- About this exercise -
Return the listing verbatim, images left out.
━━━━━ Data shown ━━━━━
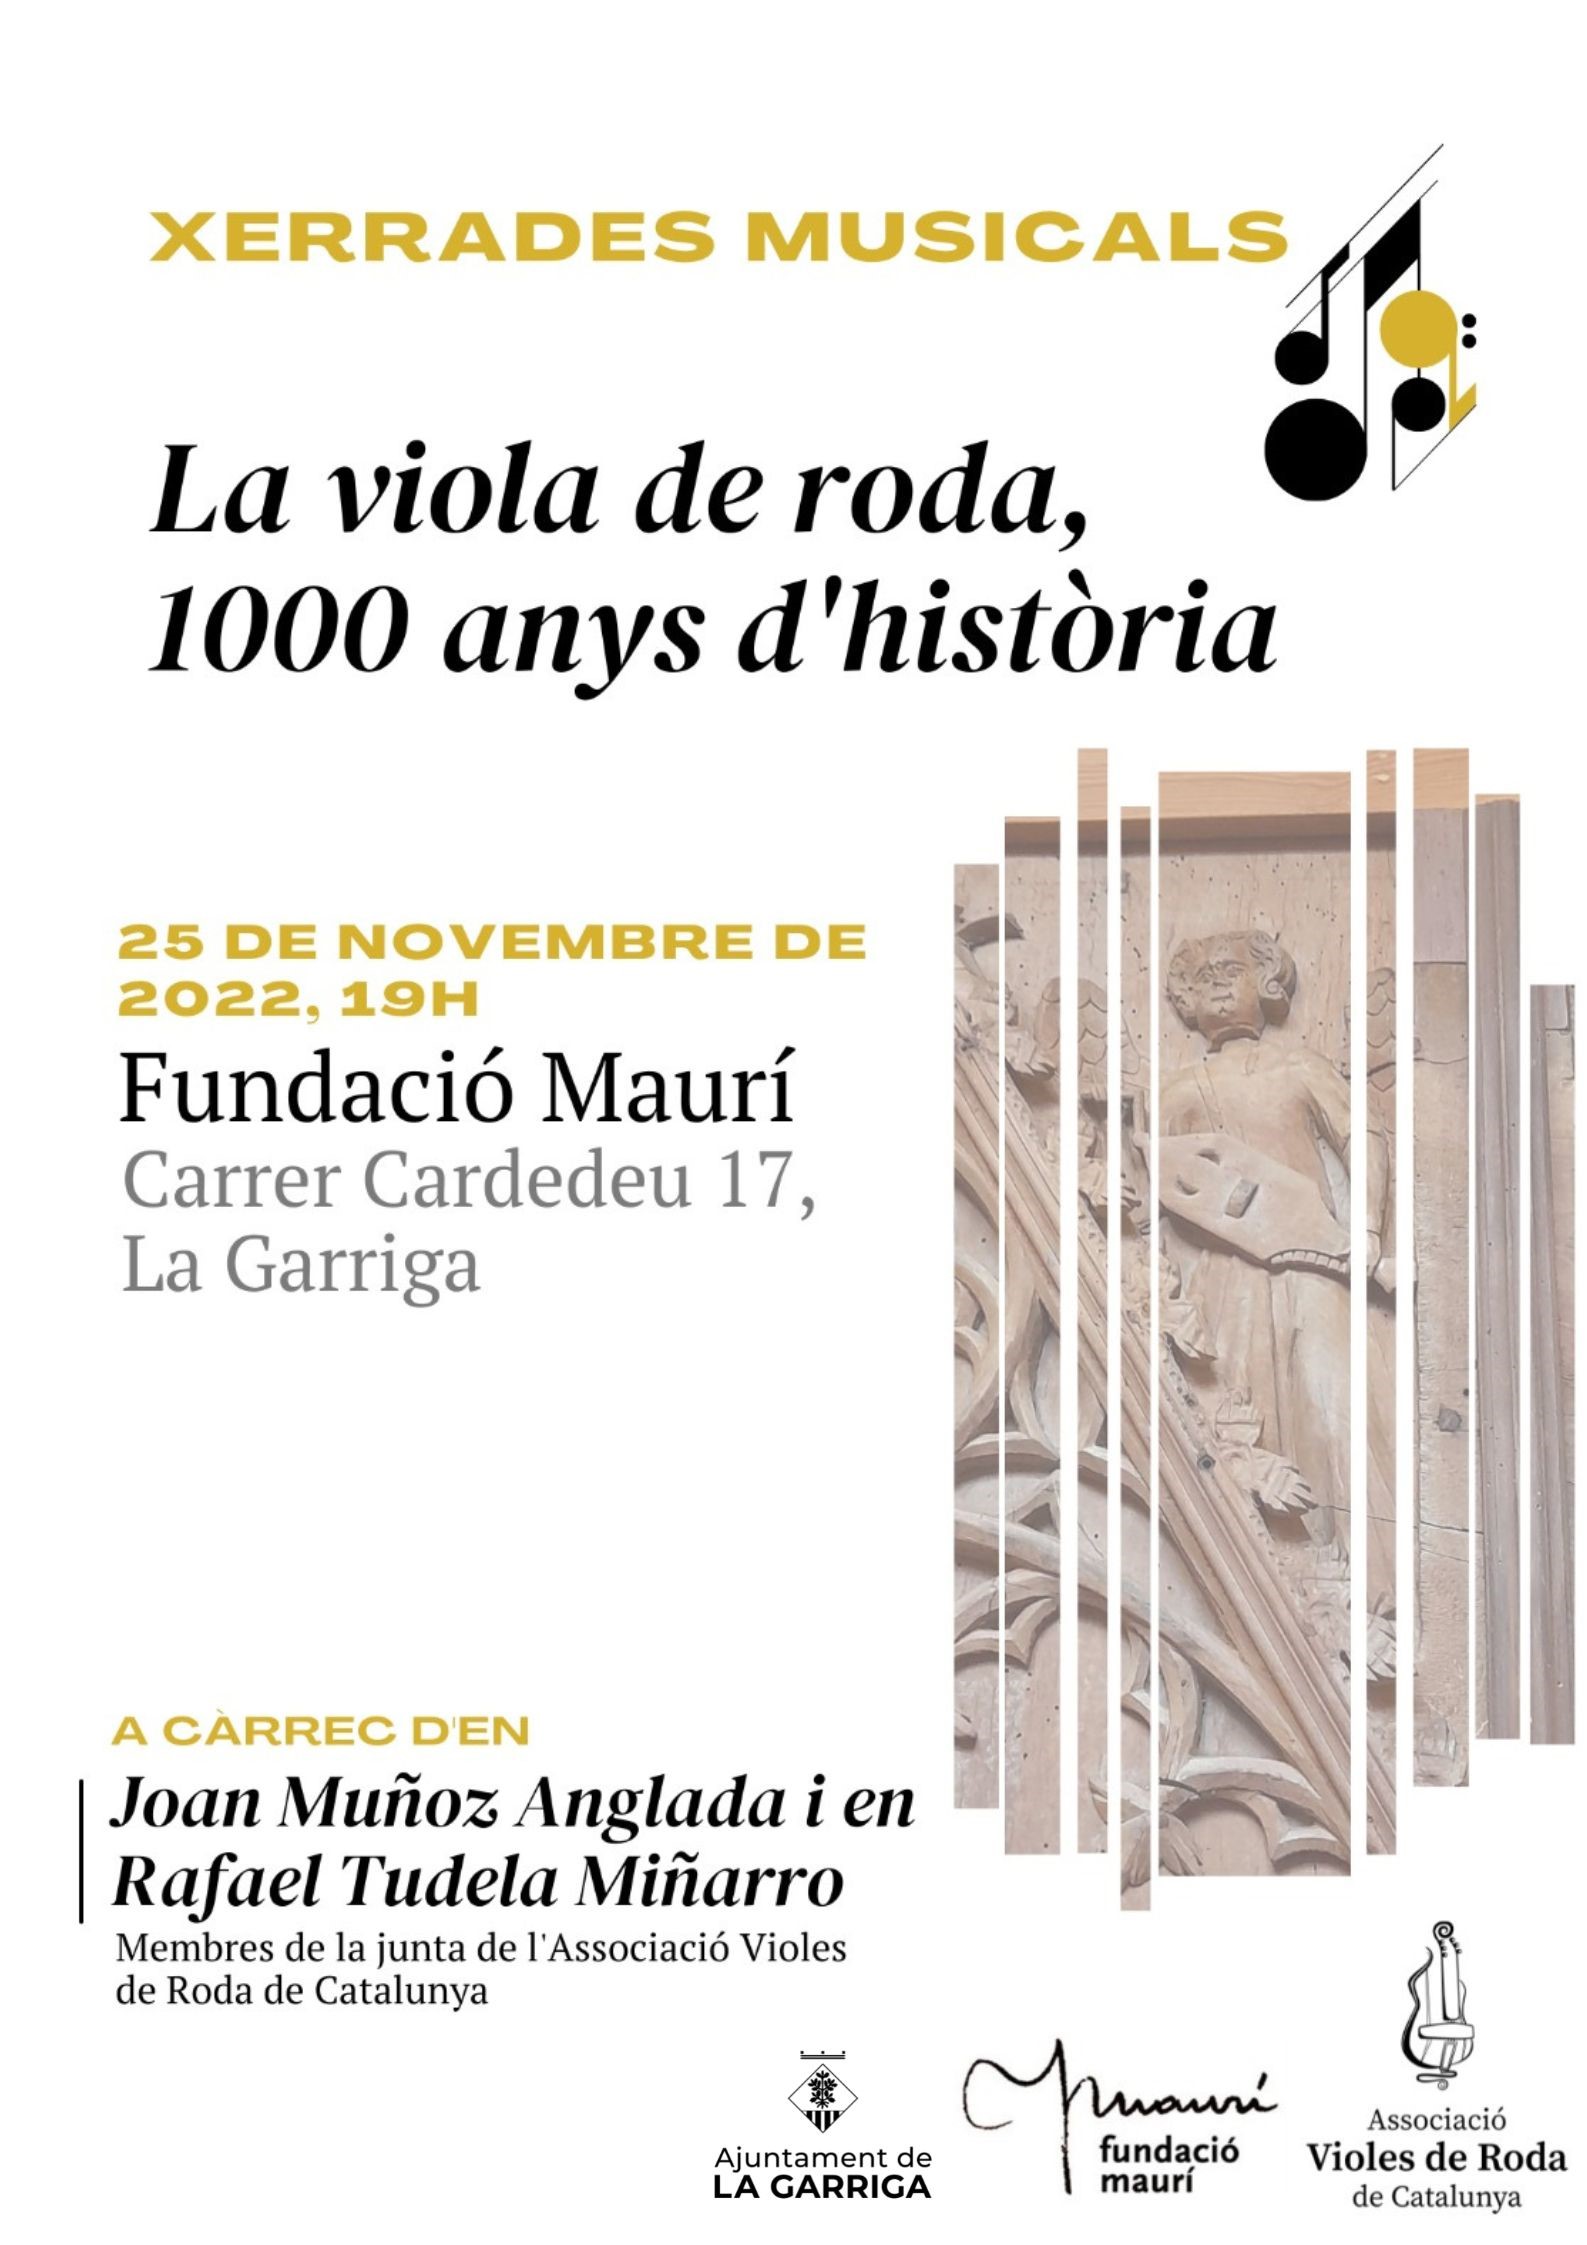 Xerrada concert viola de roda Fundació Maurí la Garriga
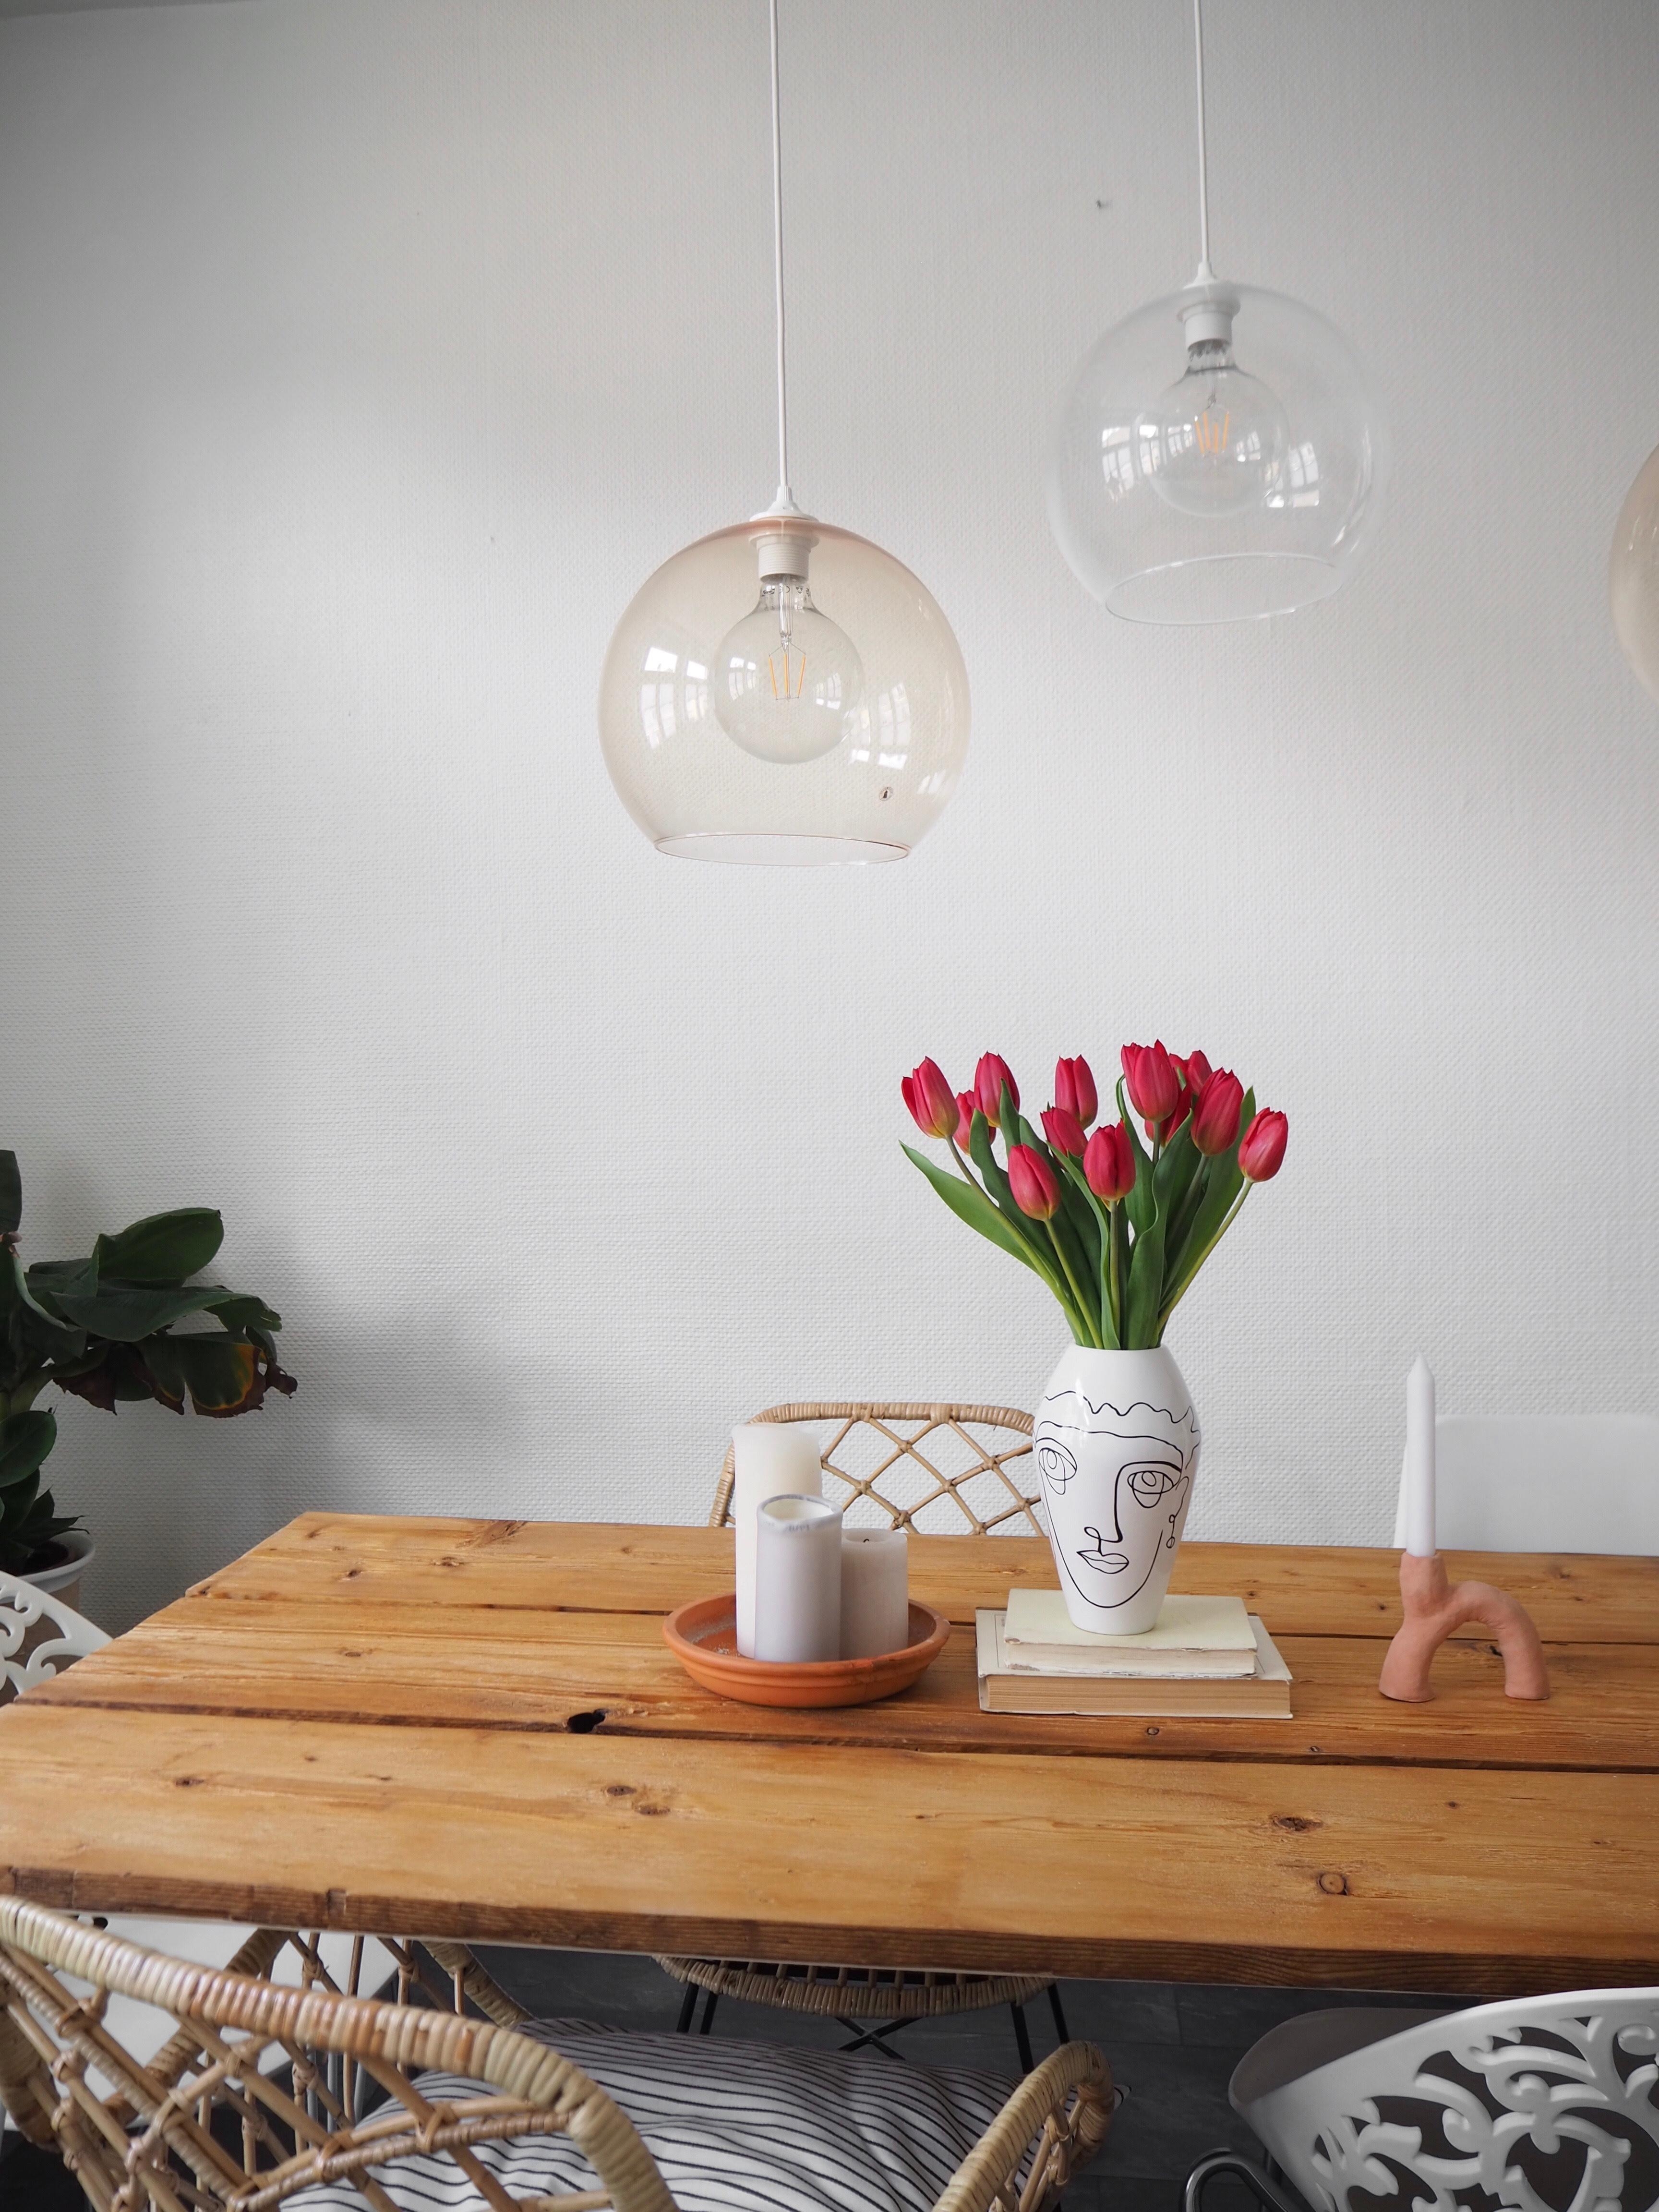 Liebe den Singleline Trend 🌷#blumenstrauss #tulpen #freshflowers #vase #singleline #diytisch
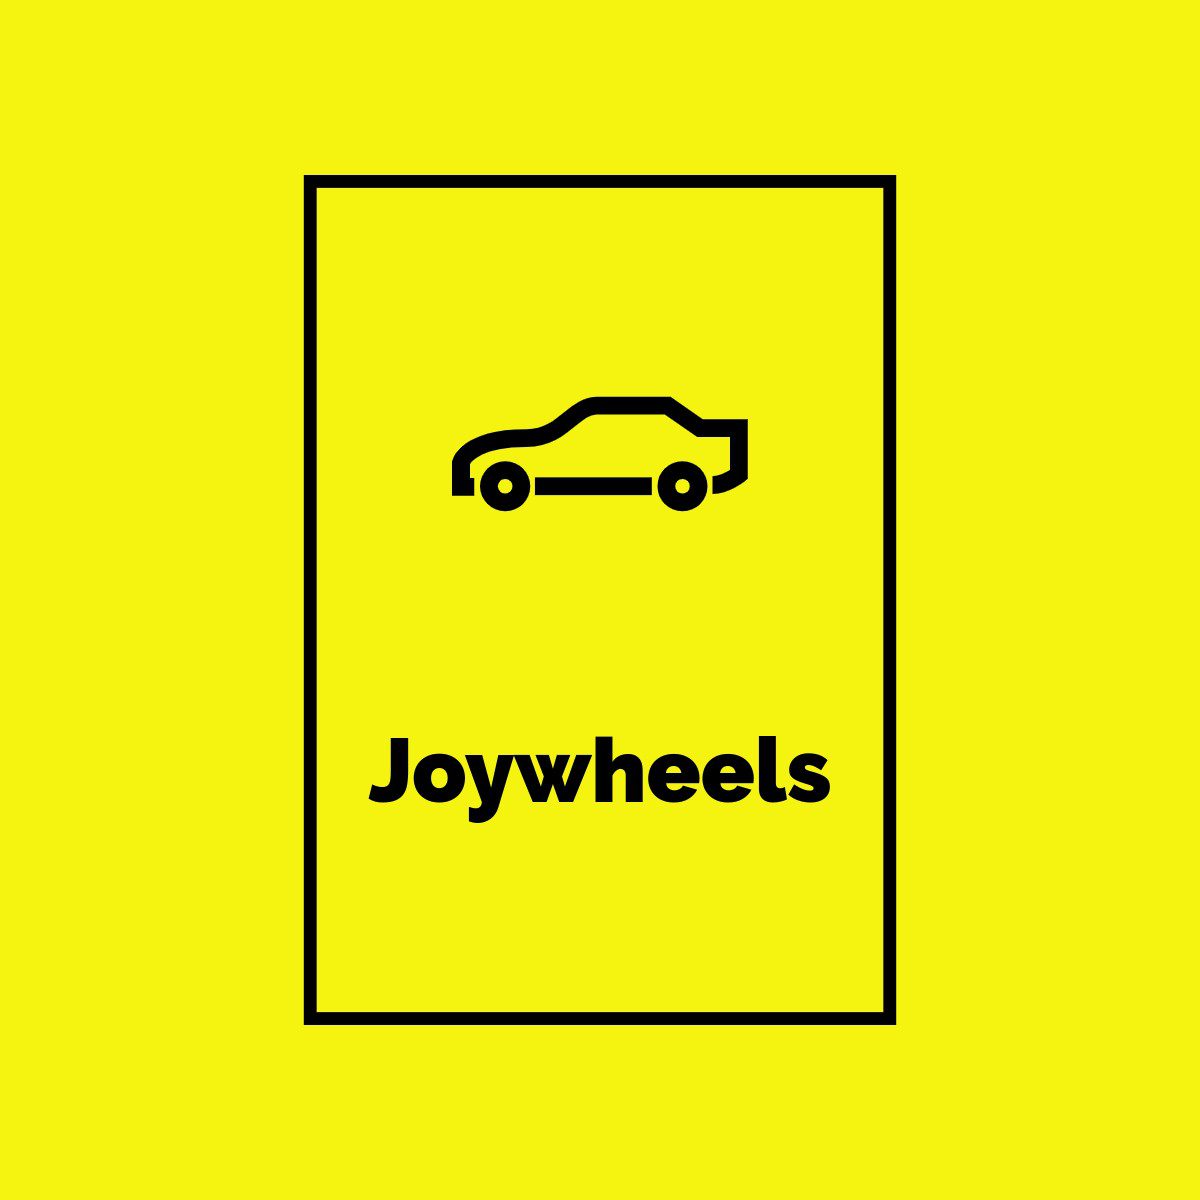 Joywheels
━━━━━
- Solution -
 Xerrada concert viola de roda Fundació Maurí la Garriga
 Liebe den Singleline Trend 🌷#blumenstrauss #tulpen #freshflowers #vase #singleline #diytisch
 Joywheels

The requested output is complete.